**DATASET CONTENT**
-- -- --

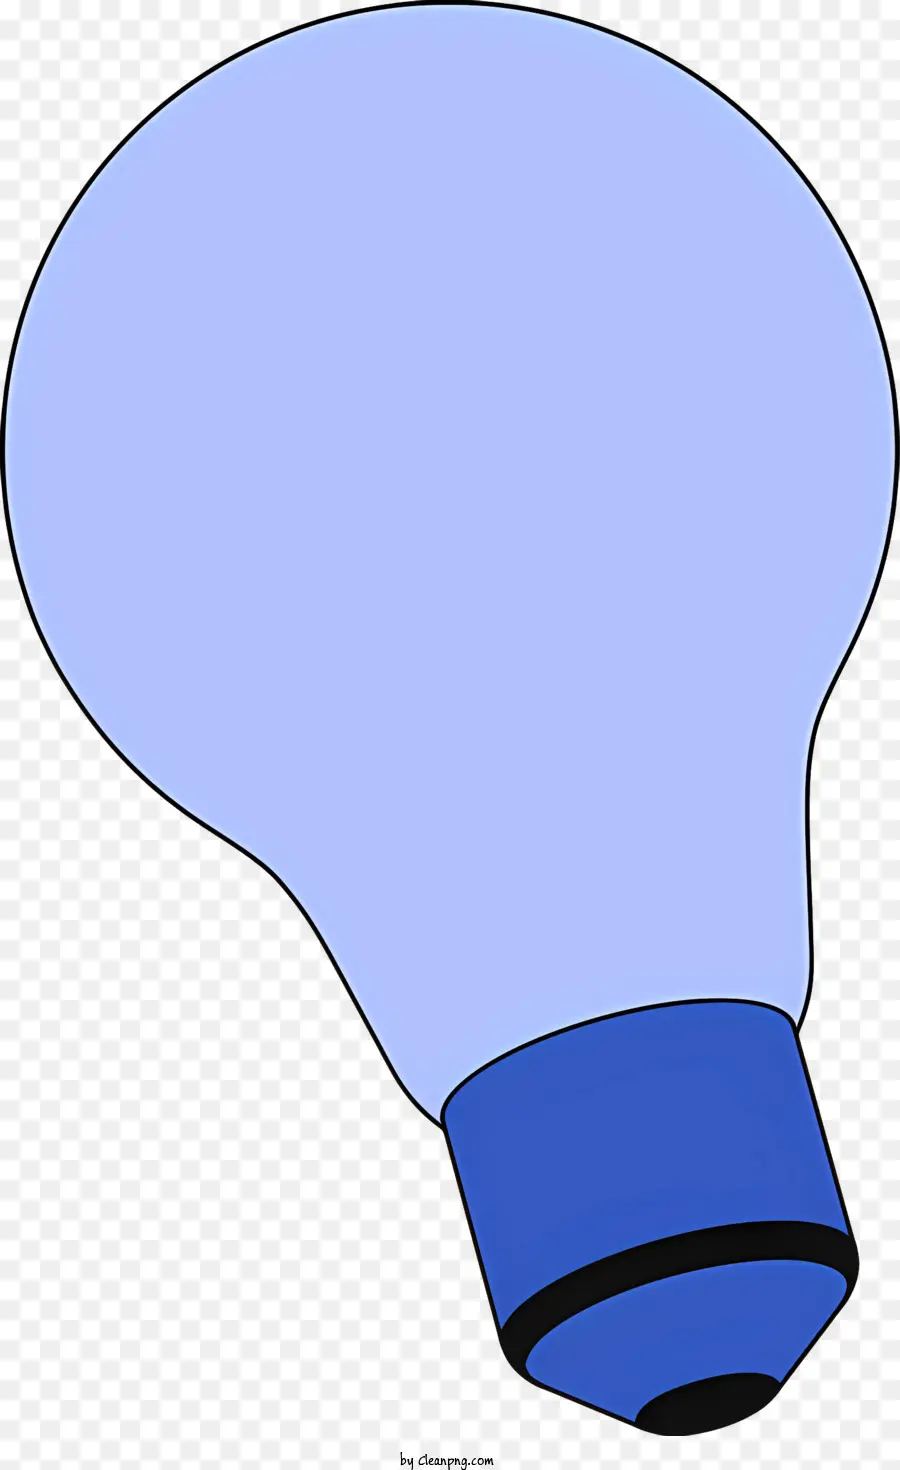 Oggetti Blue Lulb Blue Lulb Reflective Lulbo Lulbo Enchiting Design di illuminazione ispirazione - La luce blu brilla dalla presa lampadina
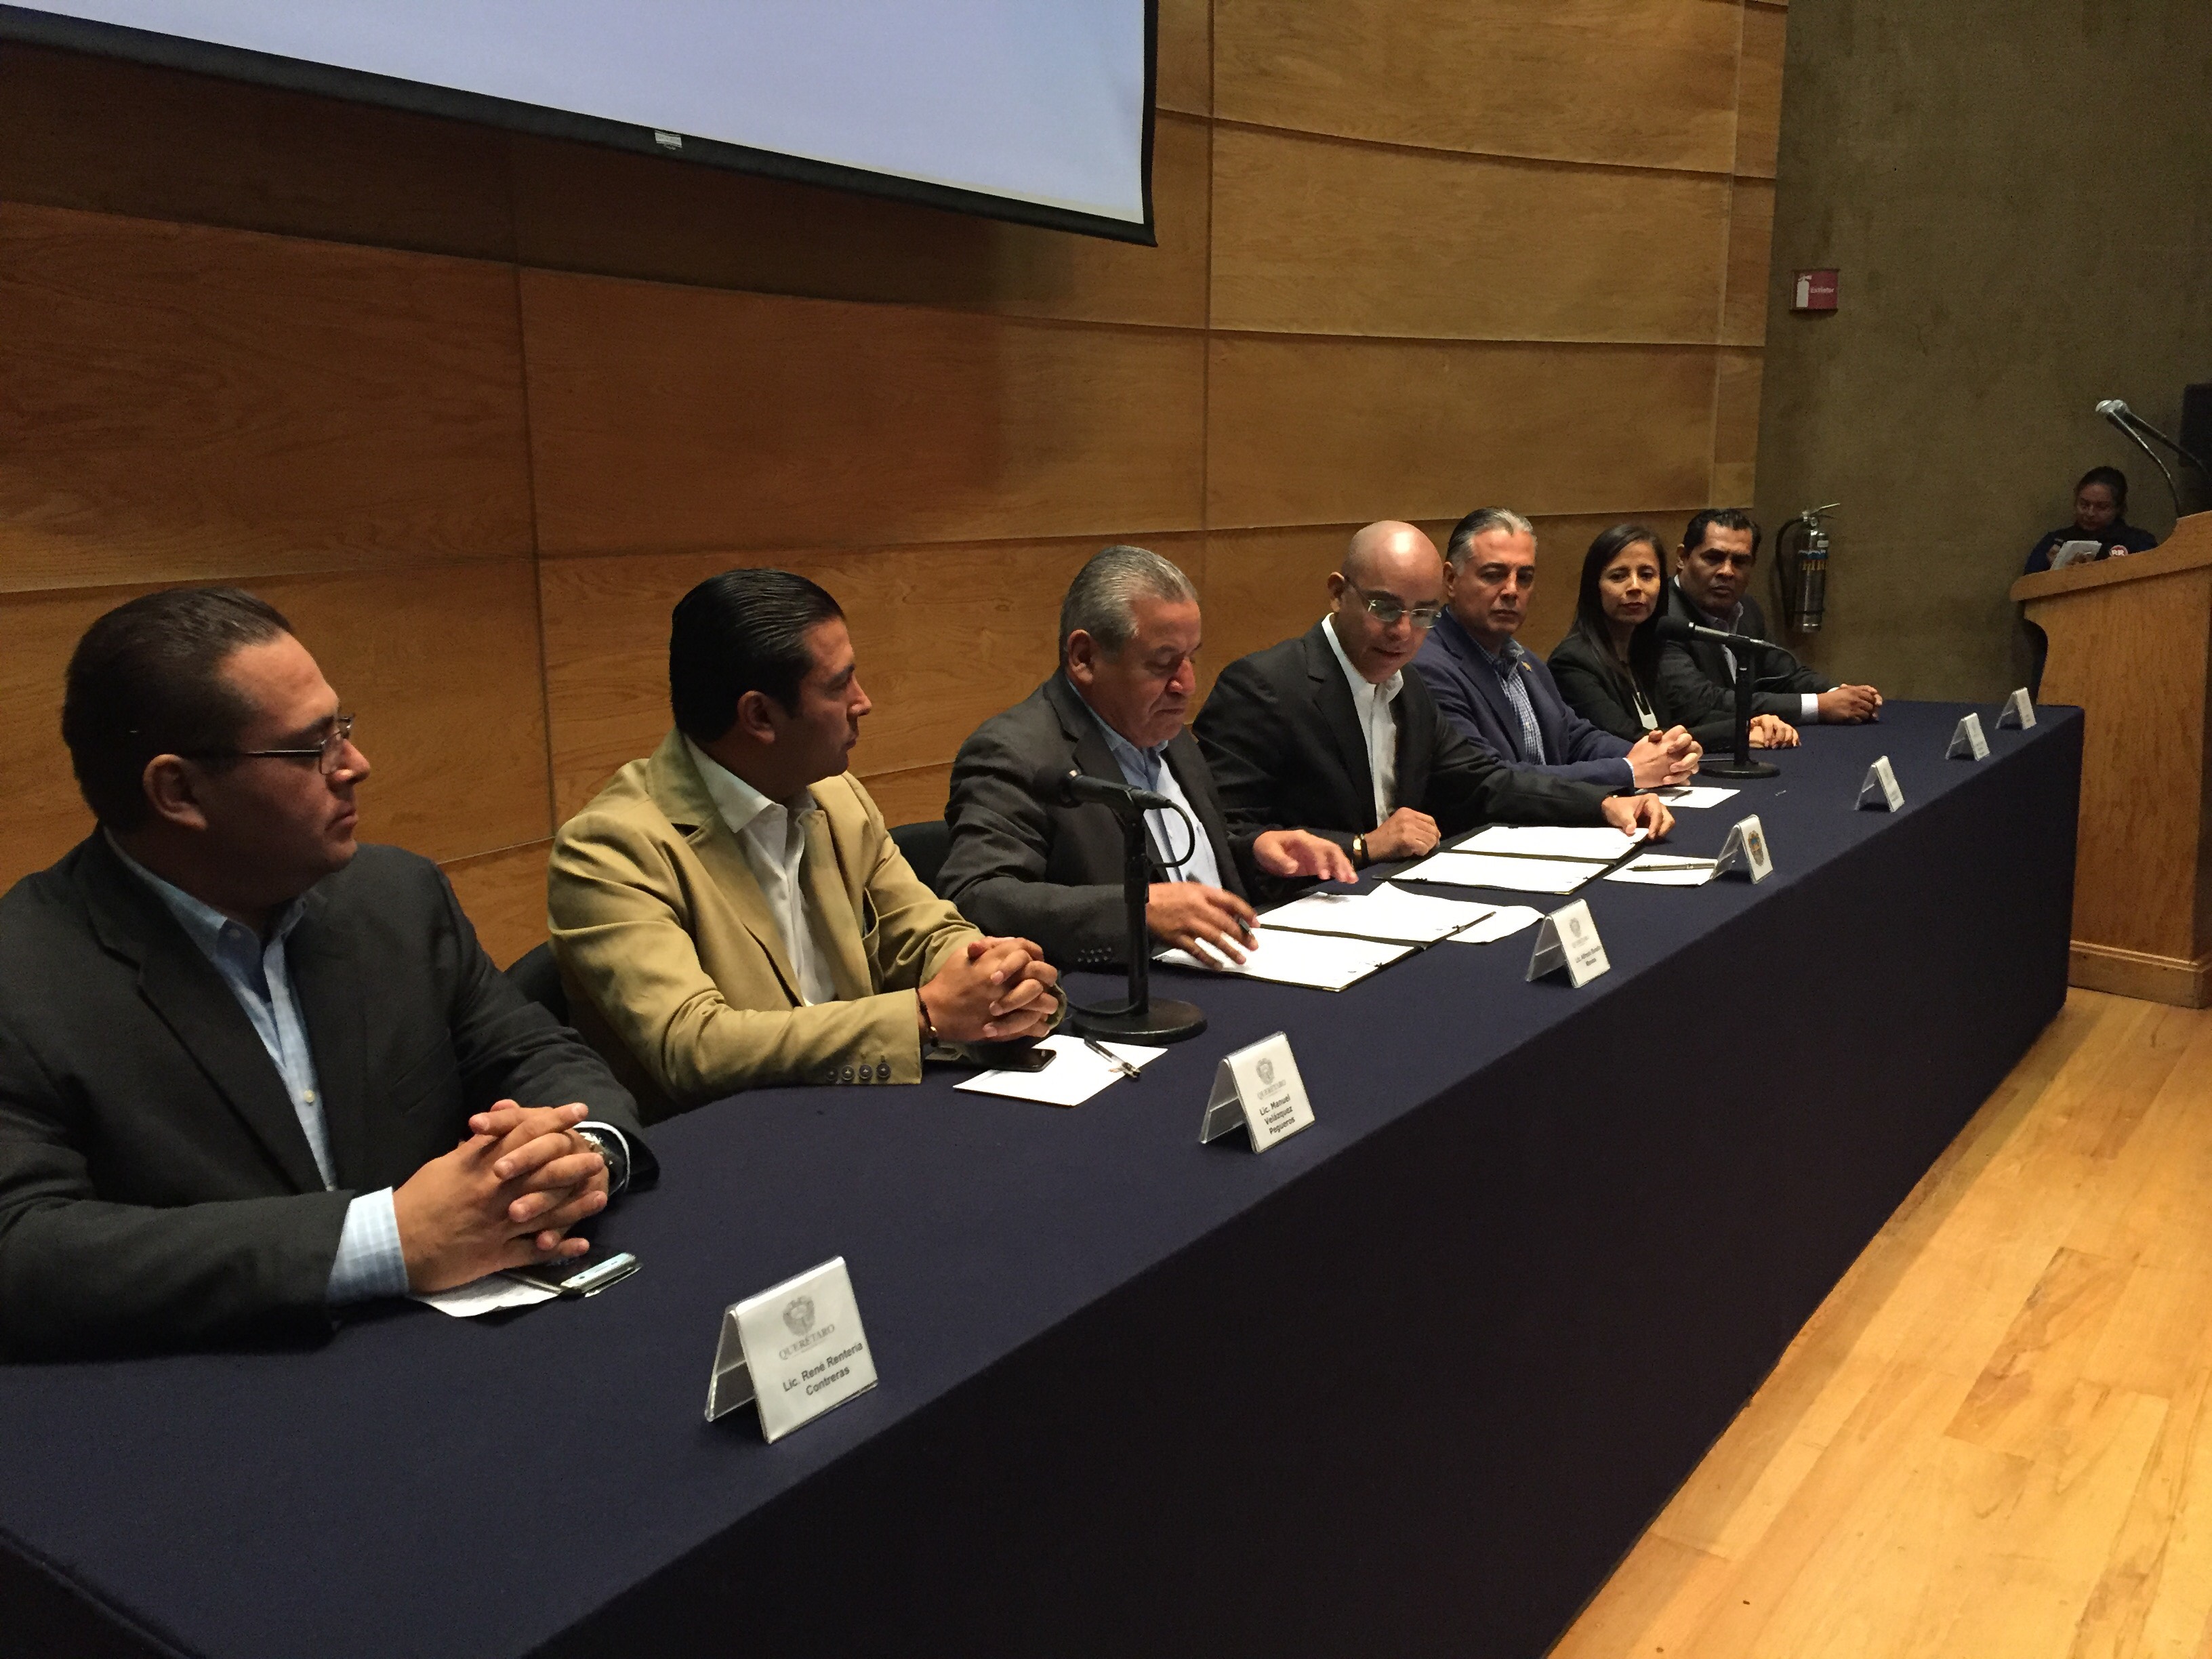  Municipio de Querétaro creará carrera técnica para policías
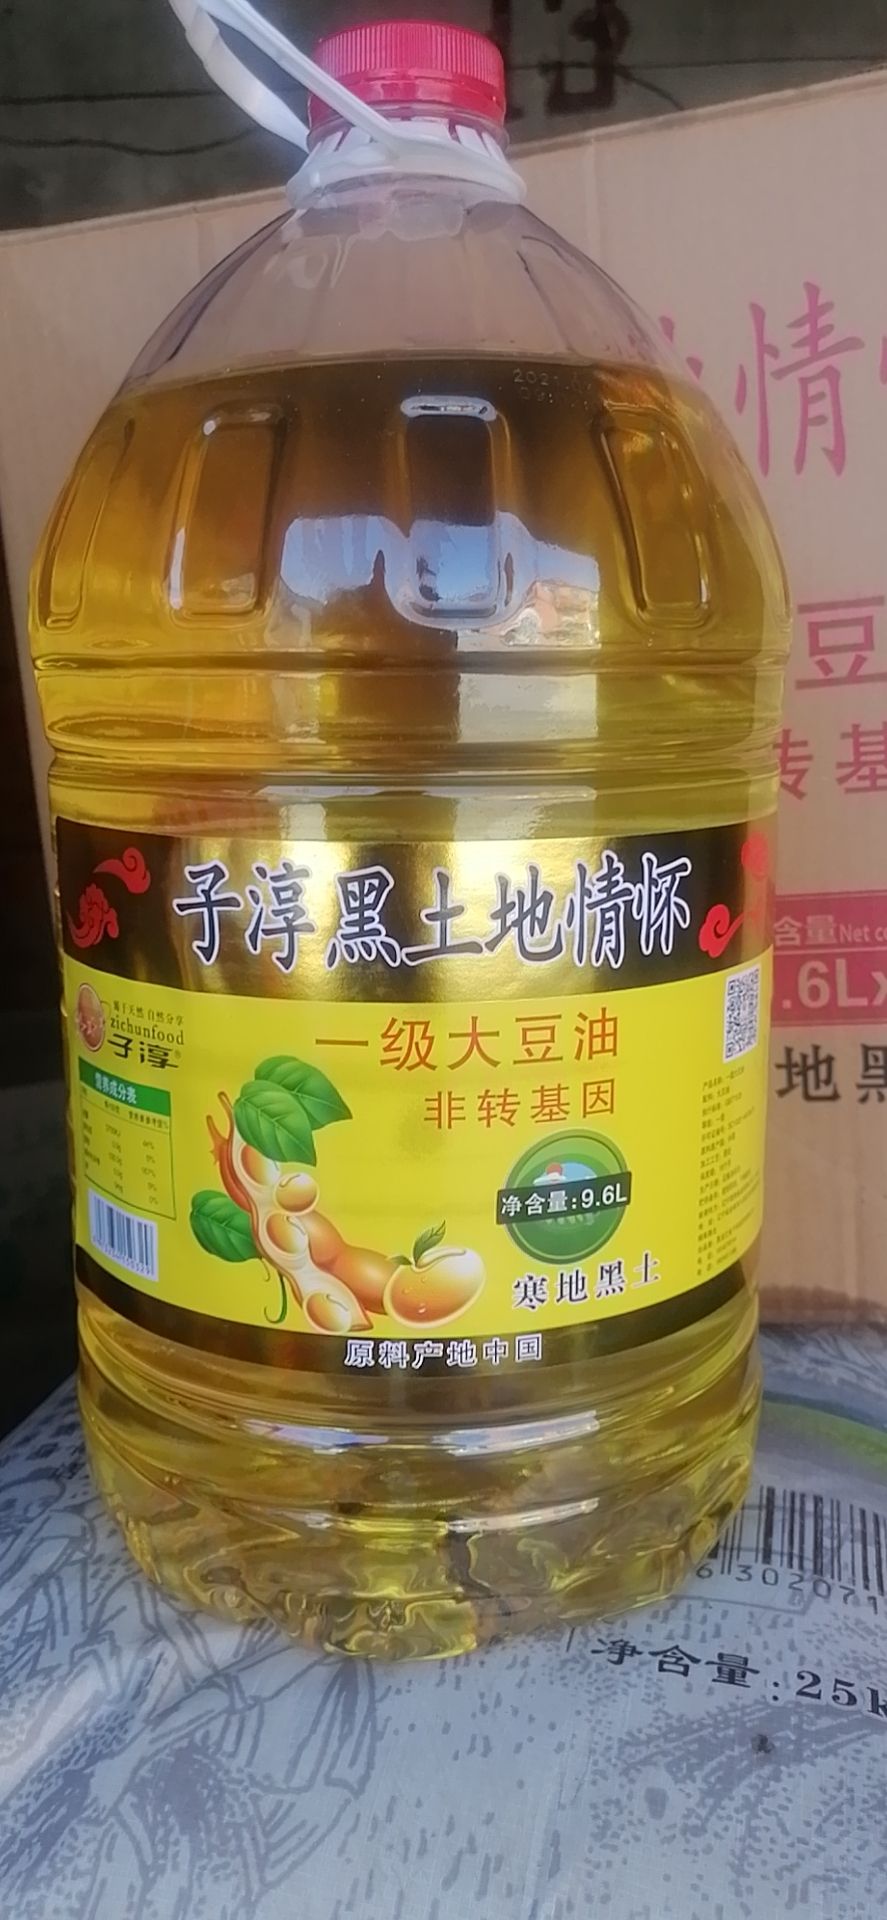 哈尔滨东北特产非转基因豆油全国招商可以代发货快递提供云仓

-- -- --

**GOAL OF THE EXERCISE**
Output each of the lines above exactly, apart from the images.

**ANSWER SPACE**
 Oggetti Blue Lulb Blue Lulb Reflective Lulbo Lulbo Enchiting Design di illuminazione ispirazione - La luce blu brilla dalla presa lampadina
  Municipio de Querétaro creará carrera técnica para policías
 哈尔滨东北特产非转基因豆油全国招商可以代发货快递提供云仓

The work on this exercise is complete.